Survey after survey shows that managers and employees hate this process. No matter how good the process, there is always a certain percentage of acting that is inevitable.

Note
: It’s worth mentioning that I think the trend of abandoning performance reviews 
misses the point
 – its trying to fix a culture problem that can’t be fixed by changing a process.

In this review of leadership trends for the Center For Creative Leadership, author Nick Petrie surveyed Academics and other experts who spend all their time trying to make sense of how companies should be thinking about performance assessment. 

When asked, “What do you think needs to be stopped or phased out from the way leadership development is currently done?” here is what some of these experts said:

Competencies – they become either overwhelming in number or incredibly generic. If you have nothing in place they are OK, but their use nearly always comes to a bad end.

Static individual competencies. We are better to  think about meta-competencies such as learning agility and self-awareness.

The competency is a measure of how the person fits into the organization.  While I think it would be reactionary to eliminate competencies, we need to build on them to get to a deeper, more nuanced assessment of a person’s ability to contribute, create and inspire and not just keep their boss comfortable.

The future of work is about how people can thrive and not just “fit in.”

Thinking about developing humans instead

A potential idea for building on the competency model comes from Robert Kegan, who developed a theory of adult development while studying at Harvard in the 1970s and 1980s (it seems worth mentioning here that someone like Kegan might not even try to get tenure in today’s Academic world with bounties of PhD and scarce tenured jobs available).

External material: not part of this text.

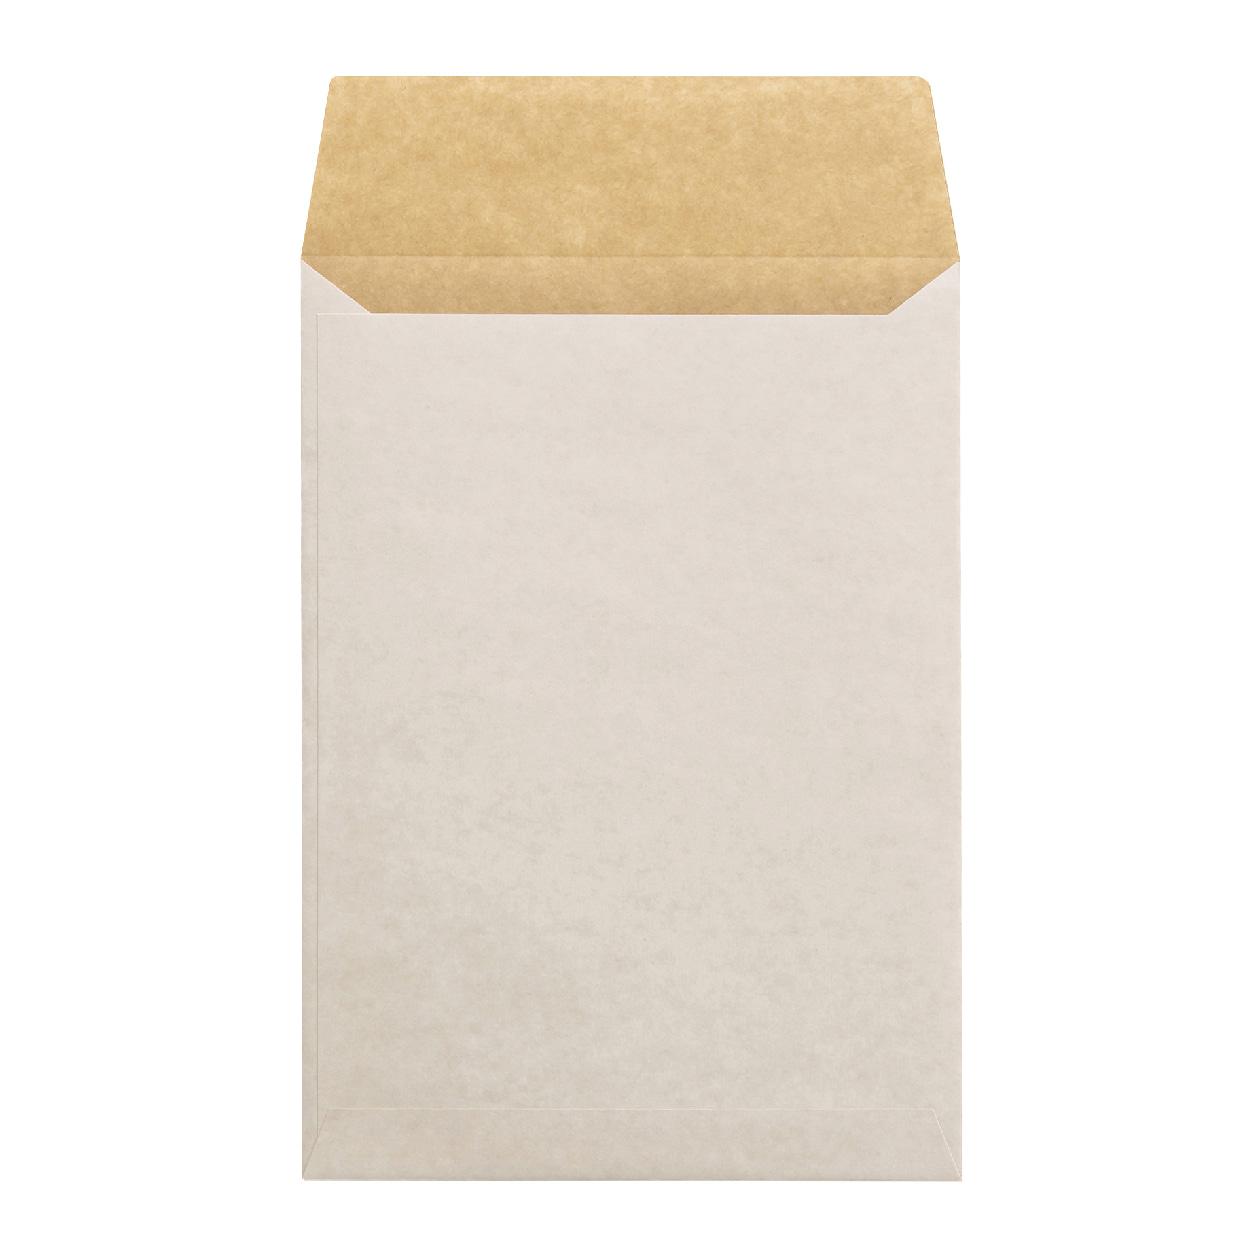 角6封筒 ホワイトクラフト 100g

He saw adult development not as a series of competencies to be checked off a box, but as a series of stages, often framed as “vertical development.”  Most adults reach a state of “the socialized mind” sometime in adolescence or young adulthood. This is when people start to internalize the beliefs of the important people around them.  These are accepted beliefs about what is an appropriate way to behave as an adult and an understanding of the accepted models of status and success. 

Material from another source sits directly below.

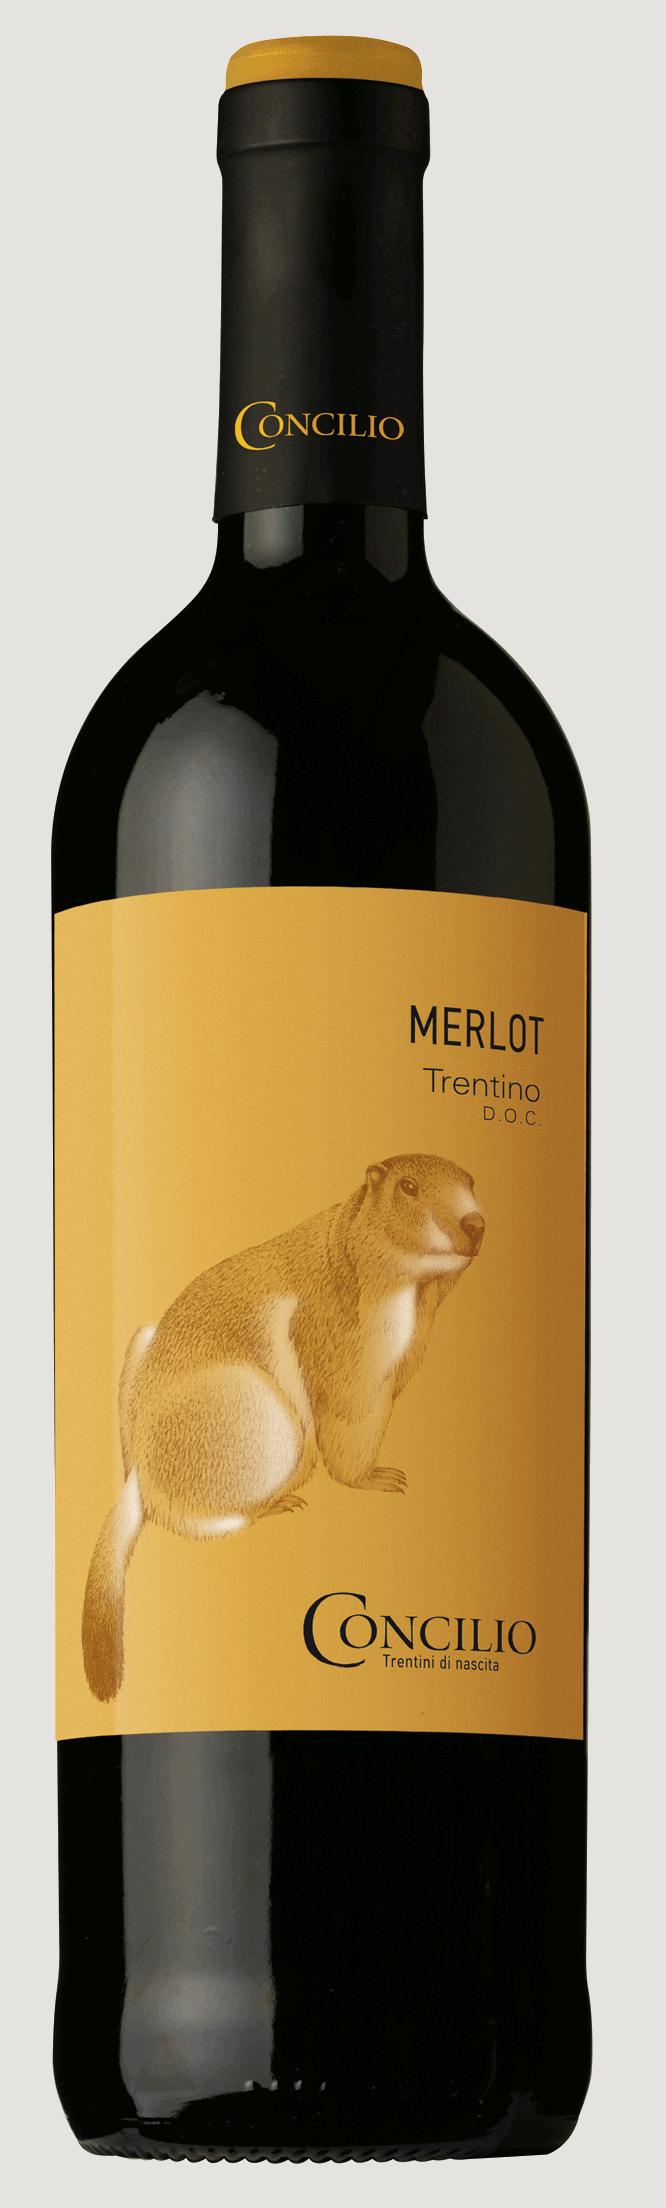 Concilio Merlot Trentino DOP

Kegan has found that most adults stay in this “socialized mind” stage, but that our modern world increasingly demands moving toward a “self-authoring” state.  He says,

in a modern, increasingly postmodern world where we have so many definitions of how one should live and who one should be… the socialized mind becomes inadequate

The self-authoring mind involves developing your own compass for navigating the world and being able to operate in different environments with different beliefs.  However, for companies who still operate in the indoctrinate and control paradigm, having their employees develop in this manner might seem revolutionary (cue “they aren’t a culture fit” thinking).  

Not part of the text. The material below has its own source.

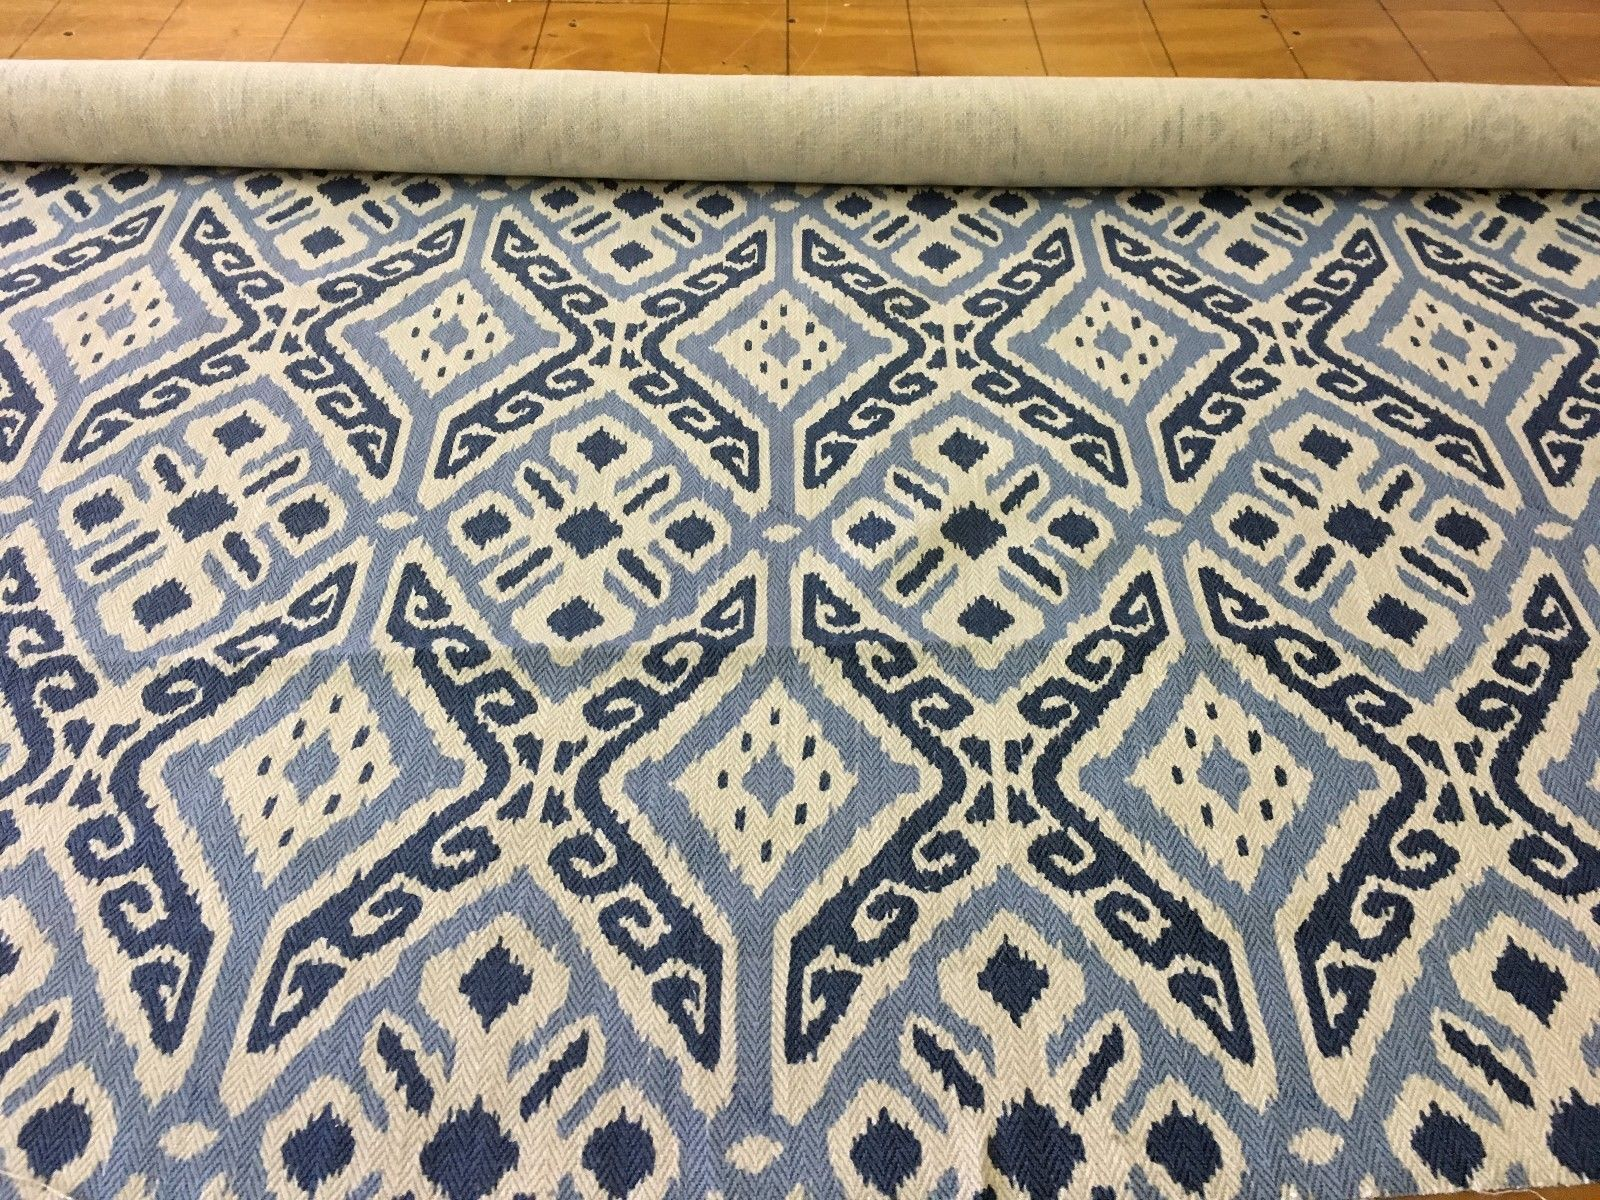 2.375 yds Kravet Upholstery Fabric Blue Ikat HB

If we care about people and their ability to thrive in the modern world, we are going to need to abandon the idea that having a “steady career trajectory” is the best strategy for navigating life.  At best, it can provide people a fulfilling career that is aligned with their values. But for most people, it crowds out the drive to live the life they want.  

The companies that will thrive in the future will be the ones that shift away from thinking that the goal of life is a steady path on a paper resume and instead are able to embrace the messiness of life and the fact that it might be best if their employees take more than a week away from work at least once in their adult lives.